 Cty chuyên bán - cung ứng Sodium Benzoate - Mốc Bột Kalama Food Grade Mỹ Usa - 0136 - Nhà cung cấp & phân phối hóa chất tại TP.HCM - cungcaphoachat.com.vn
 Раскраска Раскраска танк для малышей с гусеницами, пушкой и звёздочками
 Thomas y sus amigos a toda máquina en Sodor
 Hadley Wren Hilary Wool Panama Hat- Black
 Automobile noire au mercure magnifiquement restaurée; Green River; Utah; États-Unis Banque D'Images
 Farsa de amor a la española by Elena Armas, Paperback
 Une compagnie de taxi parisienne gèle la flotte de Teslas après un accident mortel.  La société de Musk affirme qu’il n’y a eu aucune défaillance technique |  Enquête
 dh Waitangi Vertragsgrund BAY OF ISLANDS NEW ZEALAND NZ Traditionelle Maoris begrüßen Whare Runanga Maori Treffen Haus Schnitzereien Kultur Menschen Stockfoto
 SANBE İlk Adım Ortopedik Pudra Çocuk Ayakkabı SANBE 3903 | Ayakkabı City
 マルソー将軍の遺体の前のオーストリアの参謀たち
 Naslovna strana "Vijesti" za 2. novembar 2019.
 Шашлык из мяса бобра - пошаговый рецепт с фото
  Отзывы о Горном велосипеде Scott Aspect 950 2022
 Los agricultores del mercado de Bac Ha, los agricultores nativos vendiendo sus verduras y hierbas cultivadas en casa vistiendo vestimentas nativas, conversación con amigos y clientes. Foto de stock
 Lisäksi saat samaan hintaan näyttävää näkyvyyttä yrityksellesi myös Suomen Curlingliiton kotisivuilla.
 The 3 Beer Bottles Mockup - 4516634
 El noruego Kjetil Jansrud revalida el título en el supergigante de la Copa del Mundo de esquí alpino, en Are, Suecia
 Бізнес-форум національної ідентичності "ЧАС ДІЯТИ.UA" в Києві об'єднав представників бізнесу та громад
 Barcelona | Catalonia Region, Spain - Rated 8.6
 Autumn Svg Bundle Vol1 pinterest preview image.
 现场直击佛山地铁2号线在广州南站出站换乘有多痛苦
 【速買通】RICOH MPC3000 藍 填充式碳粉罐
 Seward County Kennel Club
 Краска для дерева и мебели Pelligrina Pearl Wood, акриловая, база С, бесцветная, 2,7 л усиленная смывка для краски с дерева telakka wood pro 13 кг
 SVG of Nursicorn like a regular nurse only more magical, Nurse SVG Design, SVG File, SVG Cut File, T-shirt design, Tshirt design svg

——————

## Action item
Your answer should be the lines above, from the line containing "The 3 Beer Bottles Mockup - 4516634" up to and including the line containing "Seward County Kennel Club", reproduced exactly and with nothing else.

## Your response
 The 3 Beer Bottles Mockup - 4516634
 El noruego Kjetil Jansrud revalida el título en el supergigante de la Copa del Mundo de esquí alpino, en Are, Suecia
 Бізнес-форум національної ідентичності "ЧАС ДІЯТИ.UA" в Києві об'єднав представників бізнесу та громад
 Barcelona | Catalonia Region, Spain - Rated 8.6
 Autumn Svg Bundle Vol1 pinterest preview image.
 现场直击佛山地铁2号线在广州南站出站换乘有多痛苦
 【速買通】RICOH MPC3000 藍 填充式碳粉罐
 Seward County Kennel Club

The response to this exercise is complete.